To me, it is definitely better than a Ph.D. in anything in that it is sort of general liberal arts degree that gets you to think analytically - more valuable to a writer than you might think.

AddledWriter said...

Well, only yes about the lunch.

N A said...

everyone wrote kind and excellent things here. thank you. i feel pretty good about not going to law school. i am 95% sure i will never go to law school.

Diala said...

You shouldn't go to law school, you (*you*) would hate it.

but ask me again in a couple of months. I think you should change jobs though. 9 hours our of an average of 16 waking hours is too much time spent doing something you really don't like or are not passionate about at all.

Define "comfort".

Ned said...

Everybody thinks about law school. Don't. Law school will be too involved. Miles Davis resolved that he would become a doctor if he reached 24 and hadn't made it, in some way, in music. Orwell said the best thing you could do as a writer was be a bank teller, because it was mindless and it put you in touch with the injustice of money. (Orwell also calculated, every year, how it was impossible to make money as a writer--he tallied up the money he made and compared it against the cost of housing, cigarettes, etc.)

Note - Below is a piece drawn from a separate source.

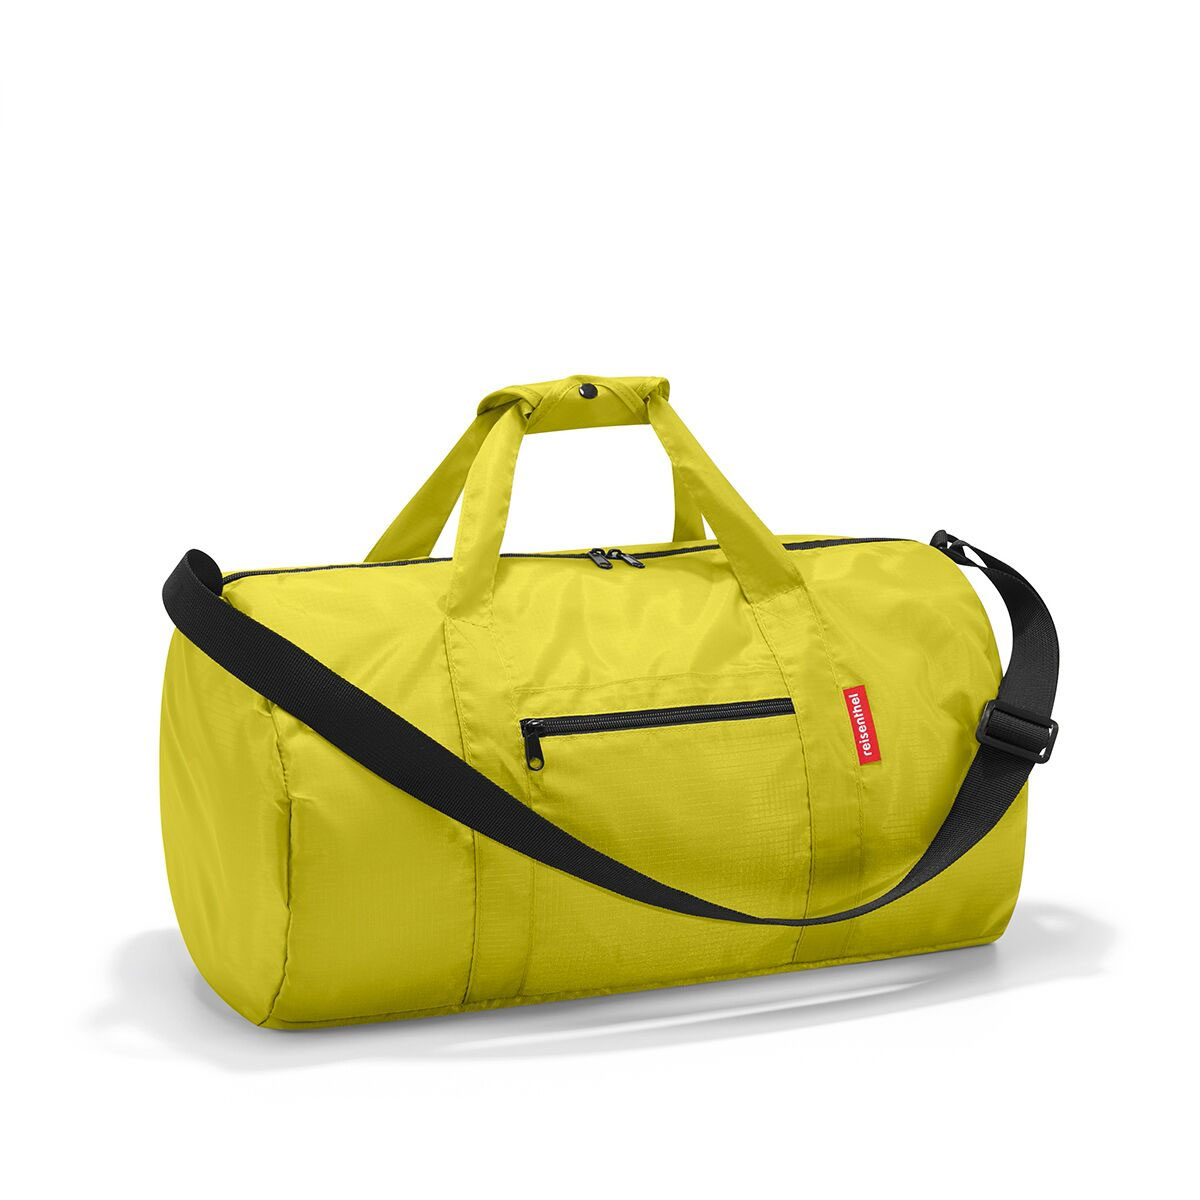 Сумка спортивная женская Reisenthel, цвет: зеленый. AM500110931-1Универсальная сумка-трансформер серии Mini Maxi, предназначенная для путешествий и спорта. Подходит для хранения, компактно складывается в собственный внутренний карман. У модели вместительное основное отделение на молнии, экономит место при хранении и перевозке в сложенном состоянии, регулируемый наплечный ремень, ручки для переноски, регулируемые при помощи специальных застежек, два внешних кармана на молнии, материал: высококачественный водостойкий полиэстер, объем – 20 литров.
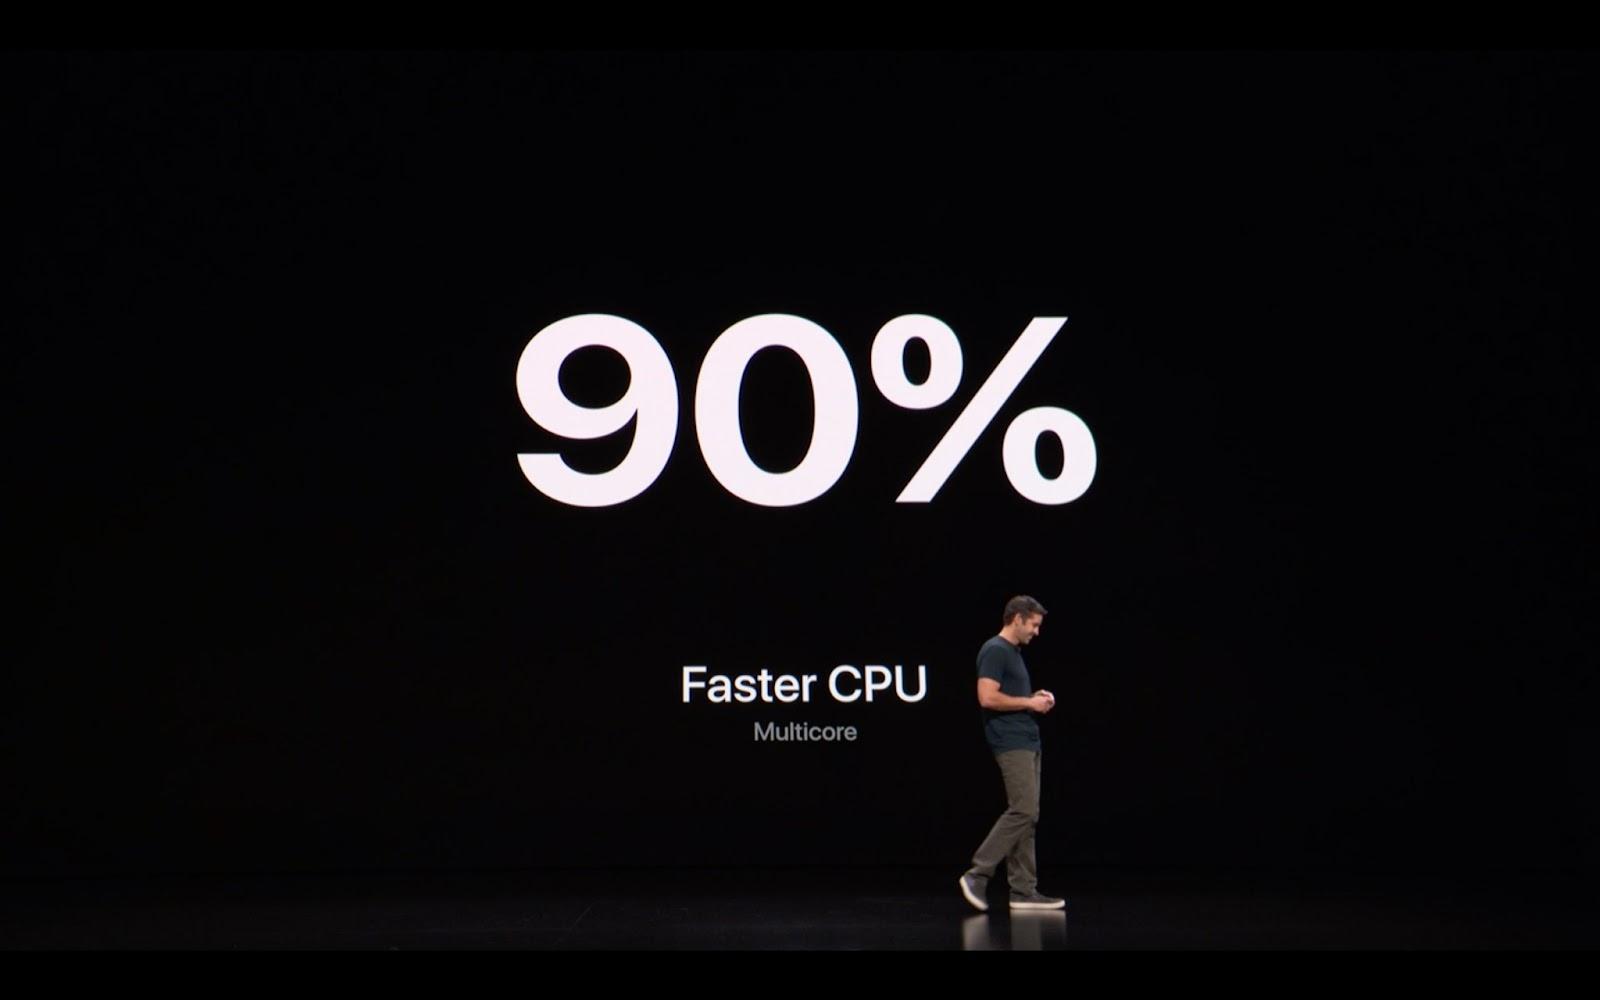 Đang tải iPad_2018-25.jpg…

Those things aren't really cohesive, but there you go.

Michelle said...

I vacillated between going and not going to law school for several years. I eventually went because I felt that it was the only career where I could make a decent salary and use my skills (although I also did read some cases in the area I wanted to study to see if I'd find it interesting, and I did). Everyone told me I would hate it. But, as Richard noted above, I ended up loving the experience--well at least, so far. It just goes to say that you never know.

If your ultimate goal is to make a living as a writer, though, I would advise against going to law school. It eats up all your time and unless you get a hefty scholarship somewhere (or are independently wealthy or have rich parents), you'll be up to your elbows in loans for quite a while.